Geopolitical tensions—think Middle East conflicts or supply chain disruptions—have a knack for shaking up oil markets. Right now, we’re seeing that play out in real time. Crude oil prices, specifically West Texas Intermediate (WTI), have surged, catching the attention of traders and investors alike. But here’s the kicker: despite the rally, the long-term trend for oil remains downward. That’s right—charts show we’re still in a cyclical downtrend, which makes this spike all the more intriguing.

Markets don’t move in straight lines. A spike doesn’t mean a new trend—yet.

– Technical market analyst

So, what’s driving this? It’s not just news headlines. The charts reveal a shift in momentum, suggesting this rally could have staying power. But for how long? And what does it mean for energy stocks? Let’s dig deeper.

The Charts Speak: Key Signals for Oil

Technical analysis is like a crystal ball for markets—well, sort of. It doesn’t predict the future, but it spots patterns that hint at what’s possible. For WTI crude oil, the charts are flashing some compelling signals. One standout is the Moving Average Convergence Divergence (MACD) indicator, which recently triggered a weekly “buy” signal. In plain English, this means intermediate-term momentum is swinging upward.

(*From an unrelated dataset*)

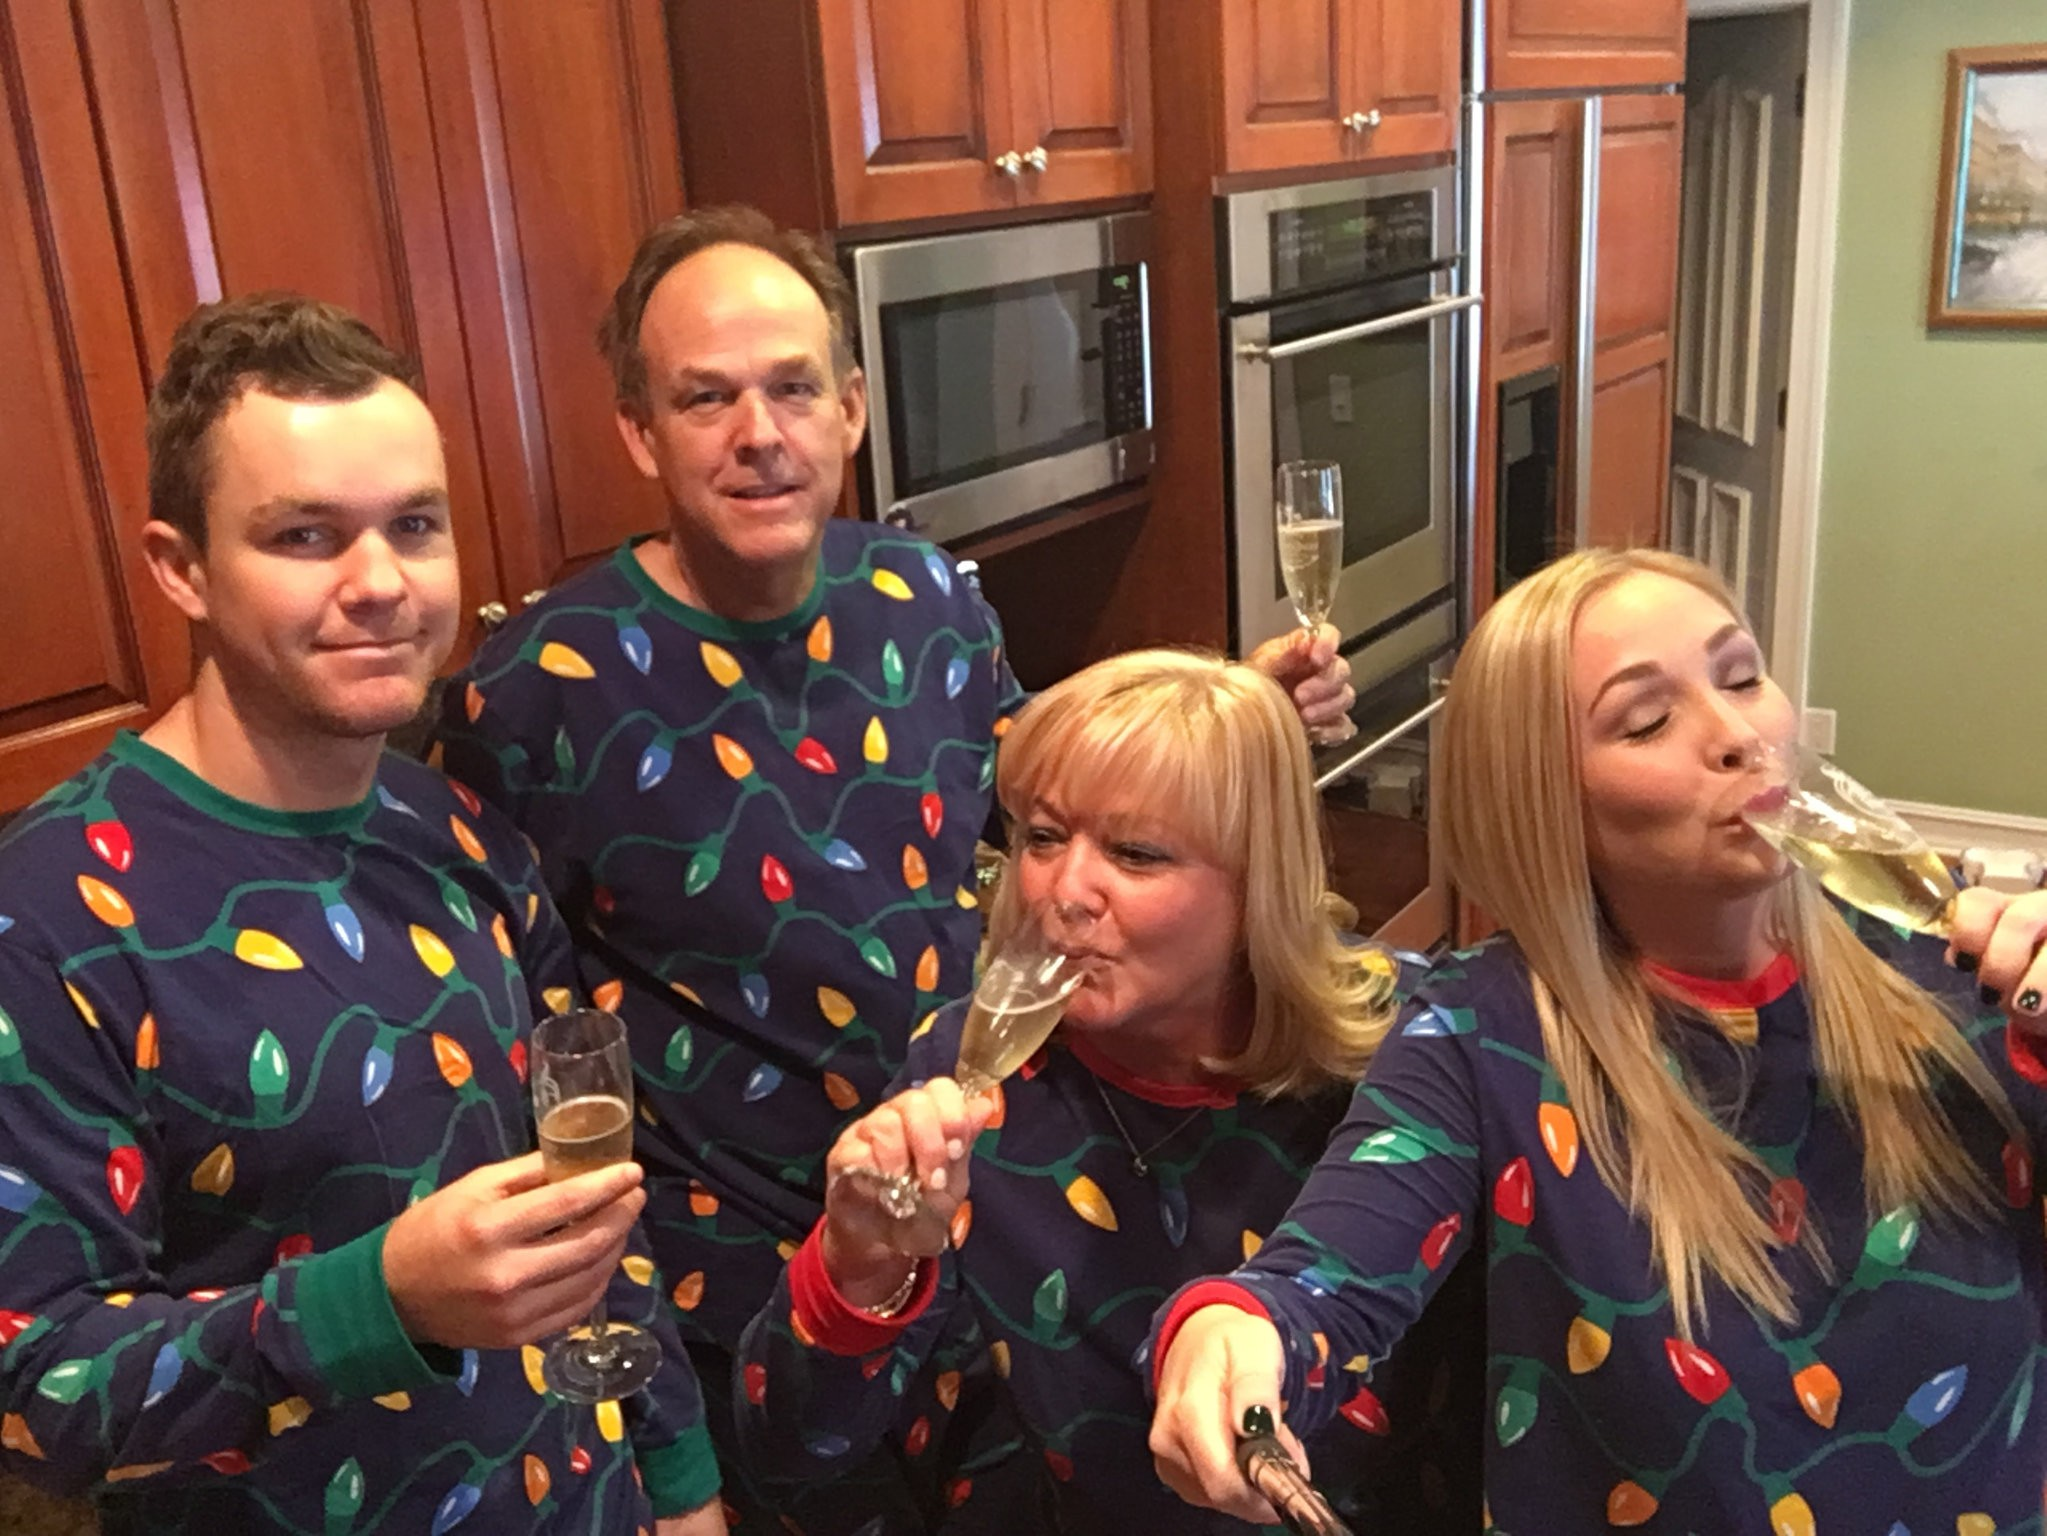 Family Christmas Pajamas Photoshoot.Matching Family Pajamas Are The New Ugly Christmas Sweaters
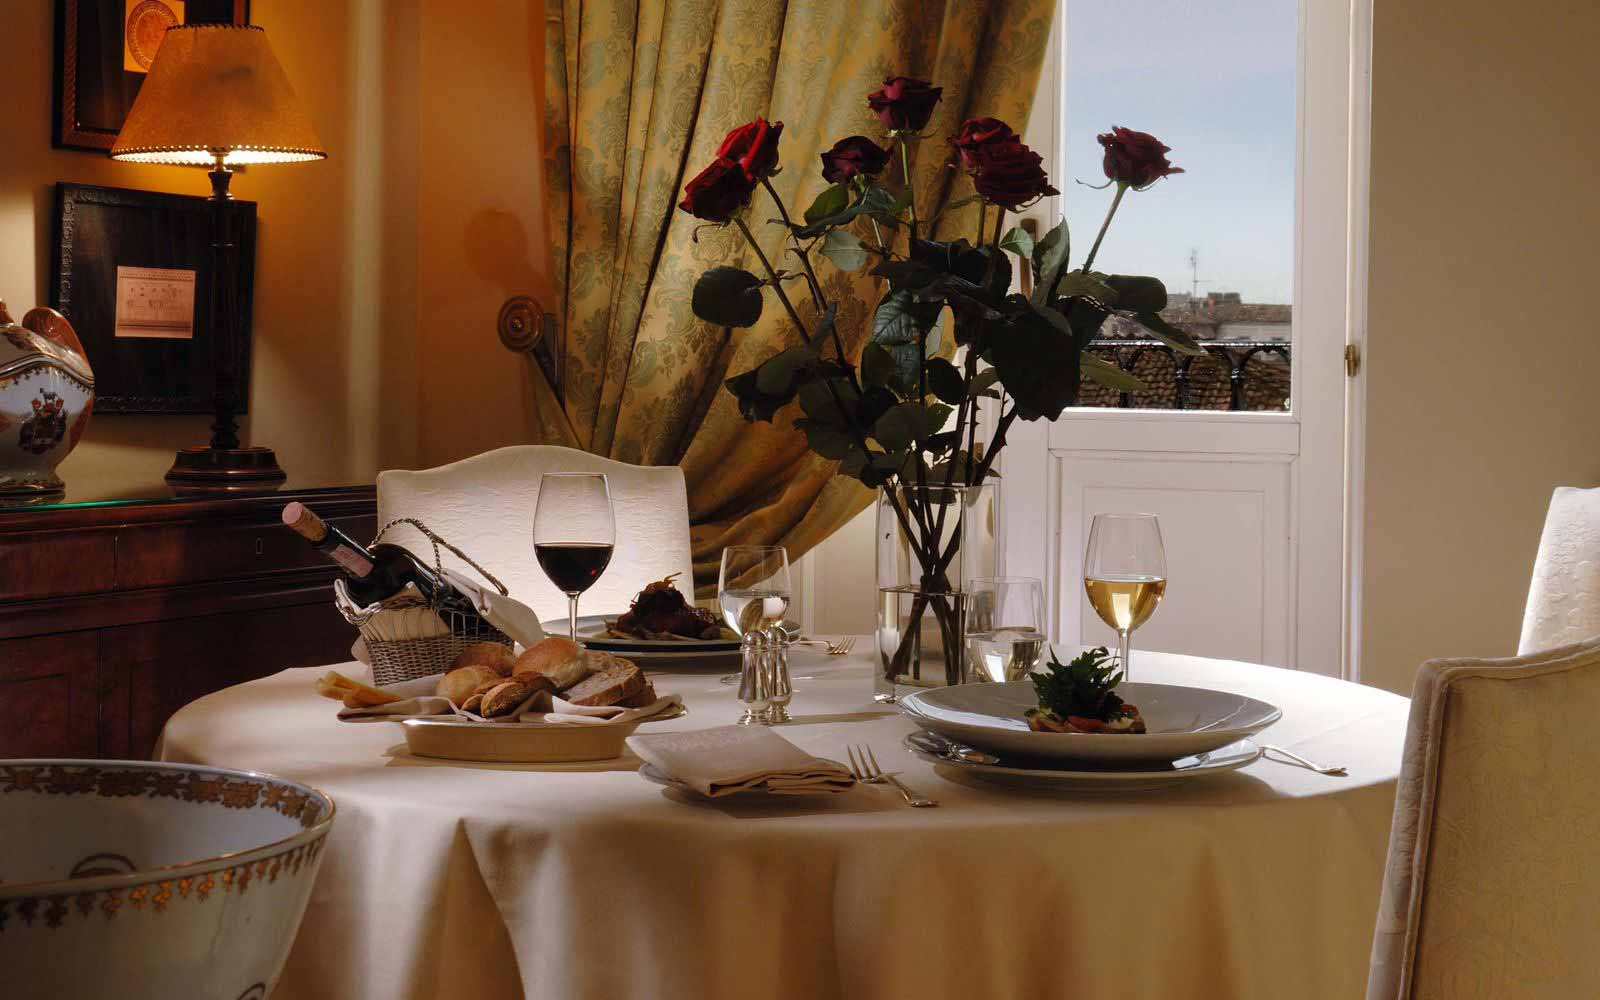 Room service at Hotel Eden

  • MACD Buy Signal: Confirms stronger upward momentum for WTI oil.
  • Stochastic Oscillator: Not yet overbought, suggesting room for more gains.
  • Weekly Cloud Model: Shows resistance at $77 per barrel, a critical level to watch.

Here’s where it gets interesting. The rally is still counter-trend, meaning the bigger picture remains bearish. If oil breaks above $77 per barrel, though, it could signal a reversal of that downtrend. The next hurdle? A Fibonacci retracement level near $84 per barrel. On the flip side, support sits around $65 per barrel, cushioned by the 50-day moving average. I find these levels oddly satisfying—they give you clear markers to track without the guesswork.

Energy Stocks: Riding the Oil Wave?

Oil prices don’t move in a vacuum. When crude rallies, energy stocks often perk up, especially in the oil services sector. These companies—think drilling, equipment, and services—have been out of favor while oil trended lower. But the charts suggest a potential turnaround, and I’m starting to see why investors are getting excited.

Take the VanEck Oil Services ETF (OIH), a solid proxy for the sector. Its chart mirrors WTI’s, showing improved momentum and no signs of upside exhaustion. Translation? There’s still gas in the tank. A breakout above the Fibonacci level at $257 could pave the way for a secondary target near $298. That’s a hefty potential gain, and it’s got my attention.

AssetKey ResistanceKey SupportMomentum Signal
WTI Crude Oil$77/bbl$65/bblMACD Buy
VanEck Oil Services ETF$25750-day MAImproving

What’s more, OIH is flirting with a long-term oversold condition. If it closes the month strong, we could see a buy signal emerge, making a case for longer-term exposure to oil services stocks. I’ve always thought oversold conditions are like a coiled spring—ready to pop when the timing’s right.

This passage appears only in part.